Una visión económica, no solo jurídica

La utilidad de una garantía debe medirse por el resultado que puede producir, no solo por su apariencia formal. Un aval difícil de ejecutar, un pagaré emitido por una empresa insolvente o una reserva de dominio sobre bienes sin valor de reventa pueden generar costes sin reducir de manera significativa la pérdida esperada.

Por ello, conviene comparar el coste de obtener y mantener la garantía con el importe y la probabilidad del riesgo. También debe evaluarse el tiempo de recuperación. Una empresa puede tener un derecho sólido, pero necesitar meses para hacerlo efectivo. Durante ese periodo soportará costes financieros, gastos legales y posibles pérdidas de valor.

Una combinación eficaz para vender con más confianza

El seguro de crédito aporta previsibilidad financiera y facilita que la empresa venda a plazo sin asumir íntegramente el riesgo de insolvencia. Los avales, pagarés y reservas de dominio refuerzan esa protección desde distintos ángulos, siempre que se utilicen de forma coherente y legalmente válida.

El aval añade un responsable potencial; el pagaré ordena y documenta el compromiso de pago; la reserva de dominio preserva los derechos sobre determinados bienes. La póliza, por su parte, establece el marco de cobertura, las obligaciones de prevención y el mecanismo de indemnización y recobro.

La clave está en entenderlos como piezas de una misma política de crédito. Antes de aceptar una operación, hay que comprobar la solvencia del comprador, elegir la garantía adecuada, revisar su exigibilidad y confirmar cómo encaja con el seguro contratado. Después, es imprescindible controlar vencimientos, comunicar incidencias y conservar toda la documentación.
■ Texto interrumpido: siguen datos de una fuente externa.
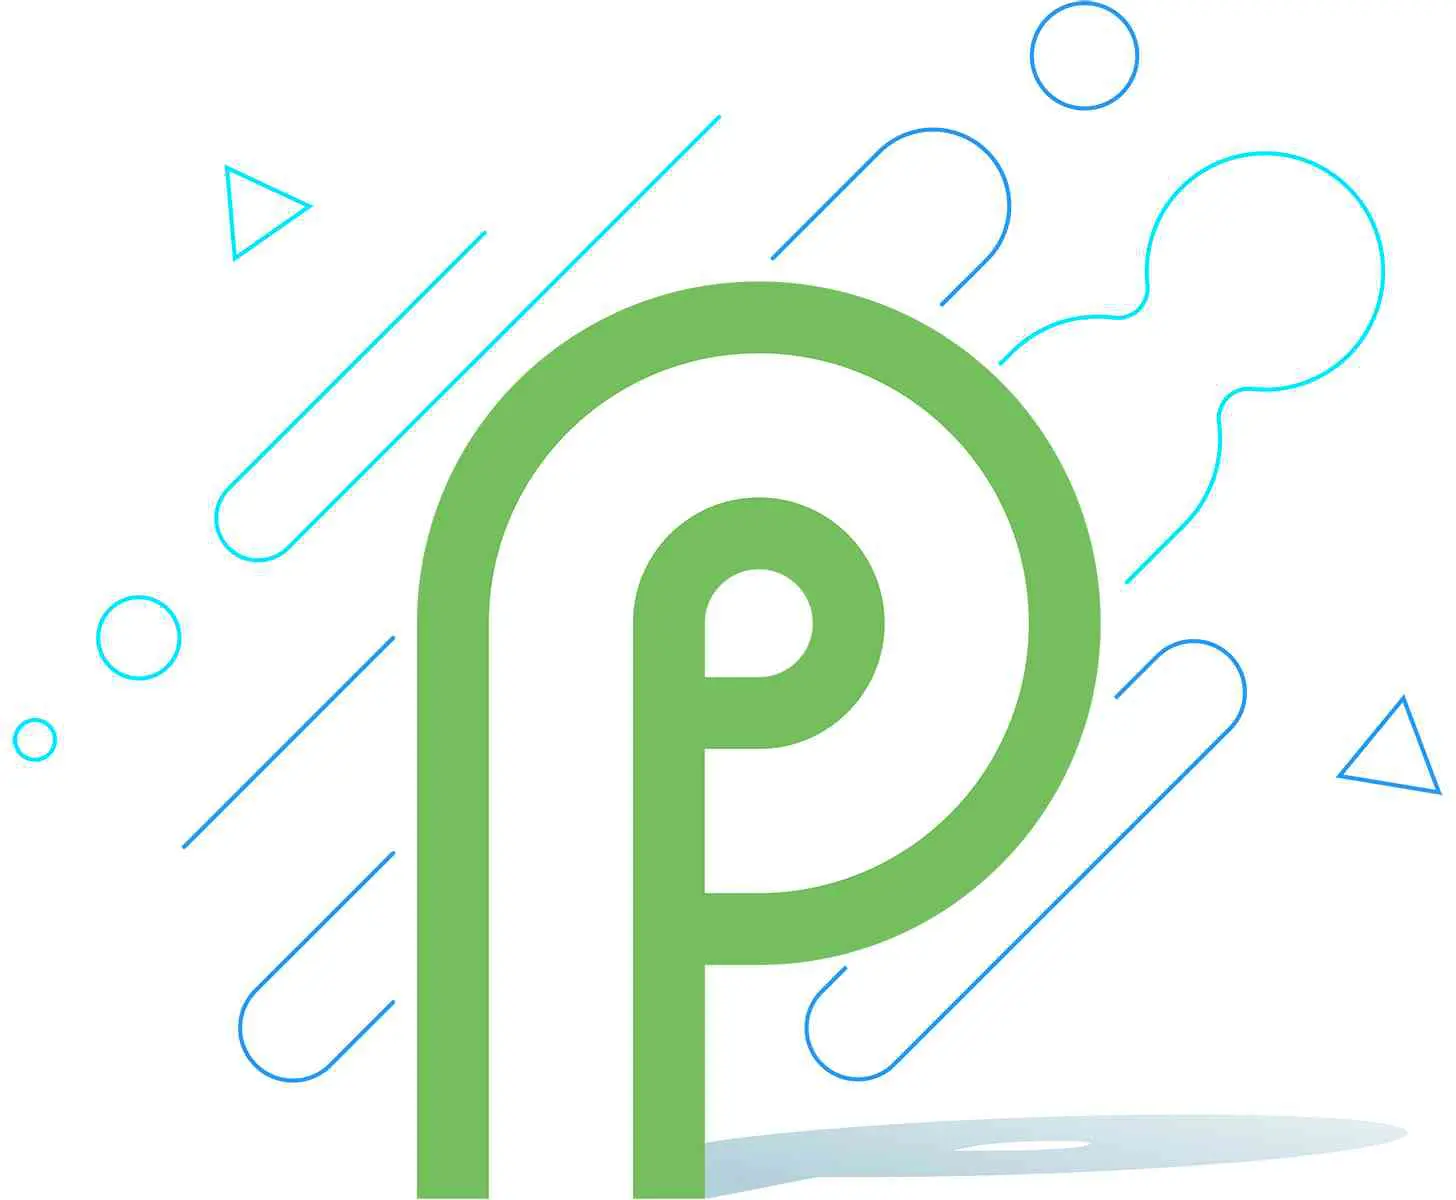 Android P logo official

Cuando estos elementos se coordinan, la empresa no solo mejora sus posibilidades de cobrar: también obtiene información más precisa para decidir a quién vende, en qué condiciones y con qué nivel de exposición. Esa gestión ordenada convierte las garantías en un verdadero complemento del seguro de crédito, en lugar de dejarlas como simples formalidades contractuales.